Алые перья стрел. Трилогия - Крапивин Владислав Петрович. Страница 28
– Это – пуща? – спросил Лешка.
– Она самая. Партизанская колыбель и – «Смерть оккупантам!»
– А где же этот… райцентр?
– За лесом, две версты.
Лешка нес Сонину полевую сумку, а она легко помахивала объемистым портфелем. В нем лежала пара Лешкиного белья, Митина тенниска и какие-то вещи женского обихода. Предполагалось пробыть в районе не меньше недели.
Откуда у Сони взялись его майки и трусы, а также рубашка брата, Лешка как-то не подумал. Между тем Соня могла кое-что рассказать о своем визите на квартиру Вершининых. Фелиция Францевна наотрез отказалась выдать белье квартирантов: «Пани меня принимает за дуру? Они мне кругом должны, сами сбежали, а вас подослали за вещами. Пусть пани даже не надеется. Только через суд. Я ему покажу, как в ковры стрелять».
У Сони не было ни минуты свободного времени. Она попросту отодвинула хозяйку в сторону, вытащила из-под кровати чемодан и стала отбирать белье.
– Это грабеж! – завопила Фефе. – Вы… вы какая-то партизанка.
– Именно, – спокойно ответила Соня, укладывая вещи в портфель.

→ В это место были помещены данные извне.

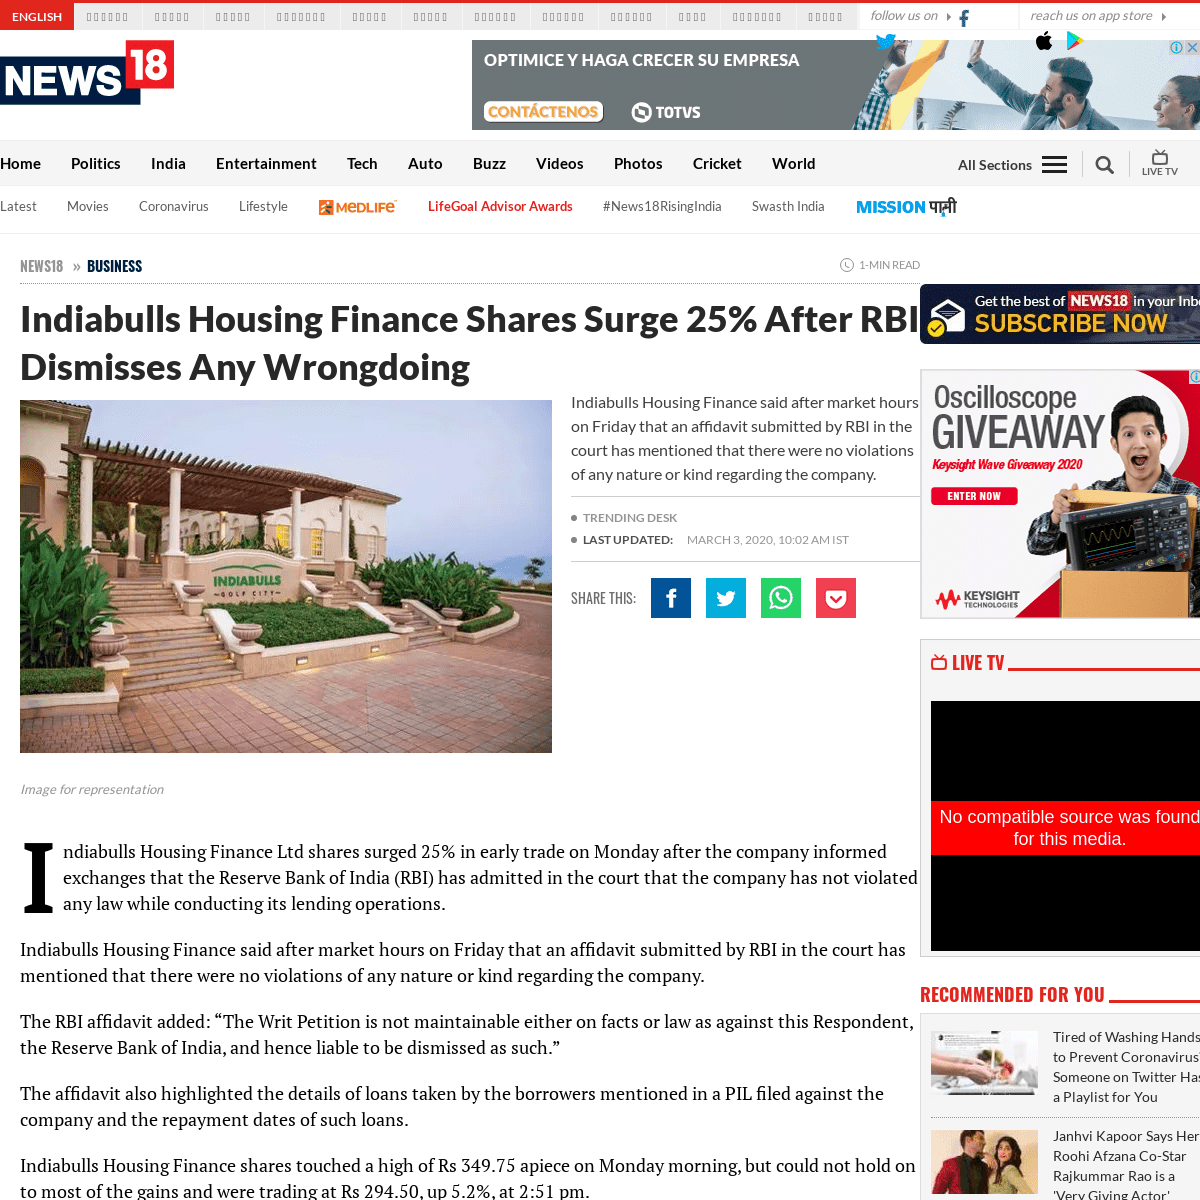 A complete backup of www.news18.com/news/business/indiabulls-housing-finance-shares-surge-25-after-rbi-dismisses-any-wrongdoing-

– Вы такая же нахалка, как и сам пан Вершинин! – продолжала верещать Фелиция Францевна.
Соня застегнула портфель, обняла хозяйку за талию и перегнула ее через колено.
– Это тебе за нахалку! Это – за Диму Вершинина! Это – за все остальное!
Она трижды хлопнула ее портфелем ниже поясницы и ушла. Фелиция Францевна была настолько потрясена совершенным над ней насилием, что не издала ни звука. Она так и осталась сидеть на полу с открытым ртом, ошеломленно потряхивая белесыми кудряшками.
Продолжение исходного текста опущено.